Six o’clock.
The temperature has dropped quite a bit so the climate feels like fall. Accordingly my brain feels the change and my thoughts will be something different from the summer. Hours ago I had a very sharp recollection of living in Salem with my parents in 1970. My mother would take me with her to the bank and the grocery store and I was three years old. We had a Christmas at the “brown house” on Buena Vista Street. My brother was there and maybe his girlfriend. She gave me a music box that played Brahms’s lullaby… Two or three years later for Christmas, my mother gave me a stern lecture about selfishness, so I felt miserable on Christmas Day. Still, this reproach didn’t effect a change in my personality; I kept being an egoist as the years went by. Today, I don’t see what difference it makes. It seems to me that blowing away your ego blows away your humanity. For there to be happiness, there has to be a self to feel it. A nirvana existence would be a living death. Pastor’s collectivist sermons have no soul.
Seven thirty.
It’s sunny today, but so chilly I had to wear a light jacket on my walk.
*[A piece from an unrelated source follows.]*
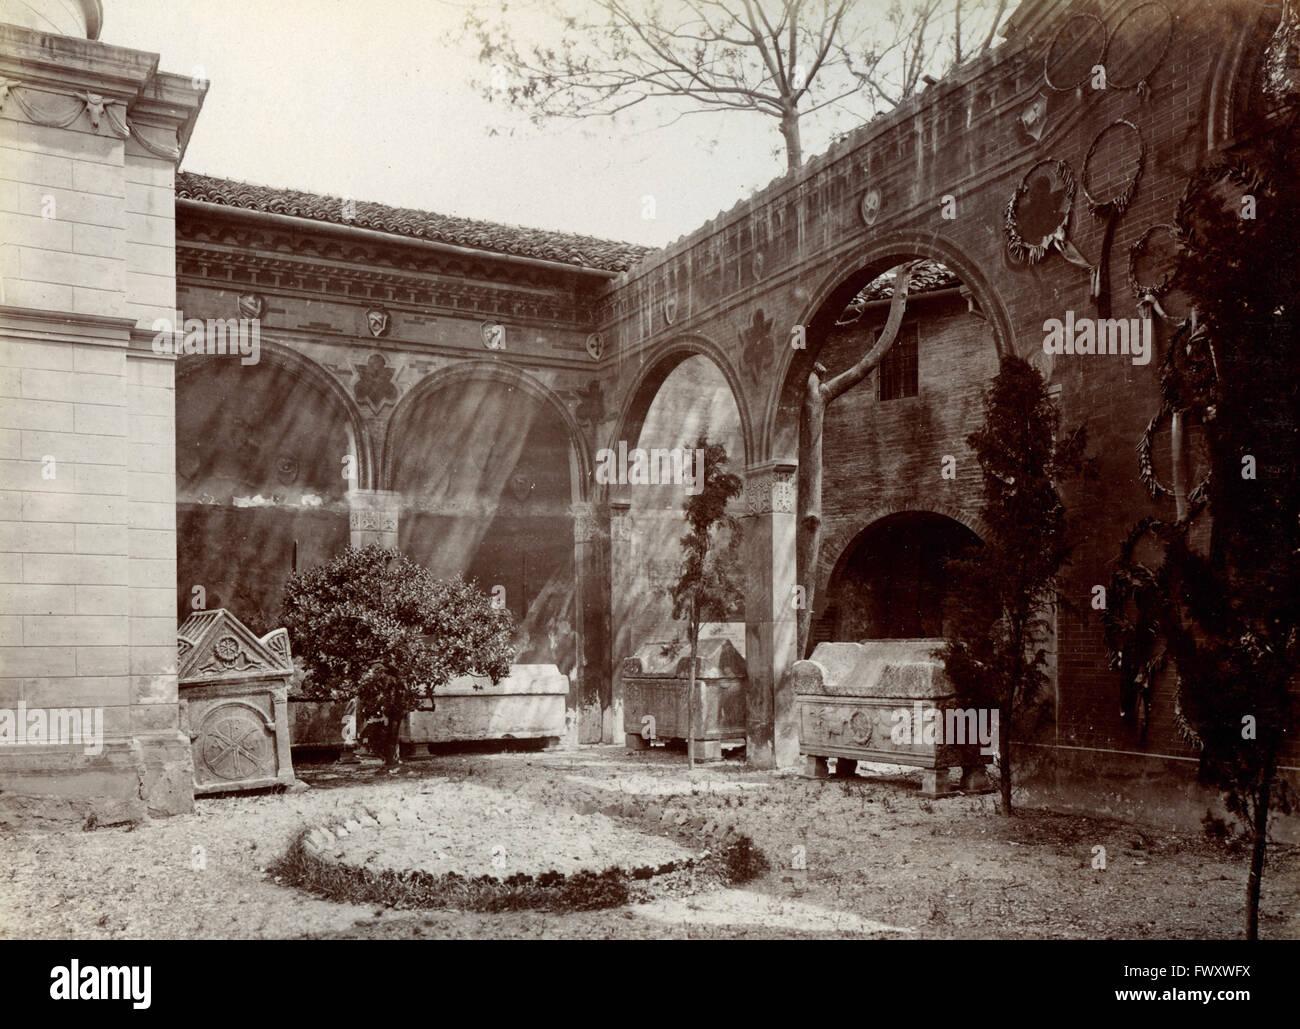 The burial ground of Braccioforte, Ravenna, Italy - Stock Image

I saw one woman on foot crossing Maxwell Road behind me. Another woman was a customer at the store and had a bright yellow Mustang. I asked Lisa if inflation was ever going to come down again and she shook her head. So I said that our incomes would have to go up to match the cost of living. When I observed the yellow car in the lot I felt outclassed and kind of wimpy, but usually I’m pretty content with what I’ve got. I wouldn’t do anything different if I had the decision to make over again. After all, I still have a bright yellow house.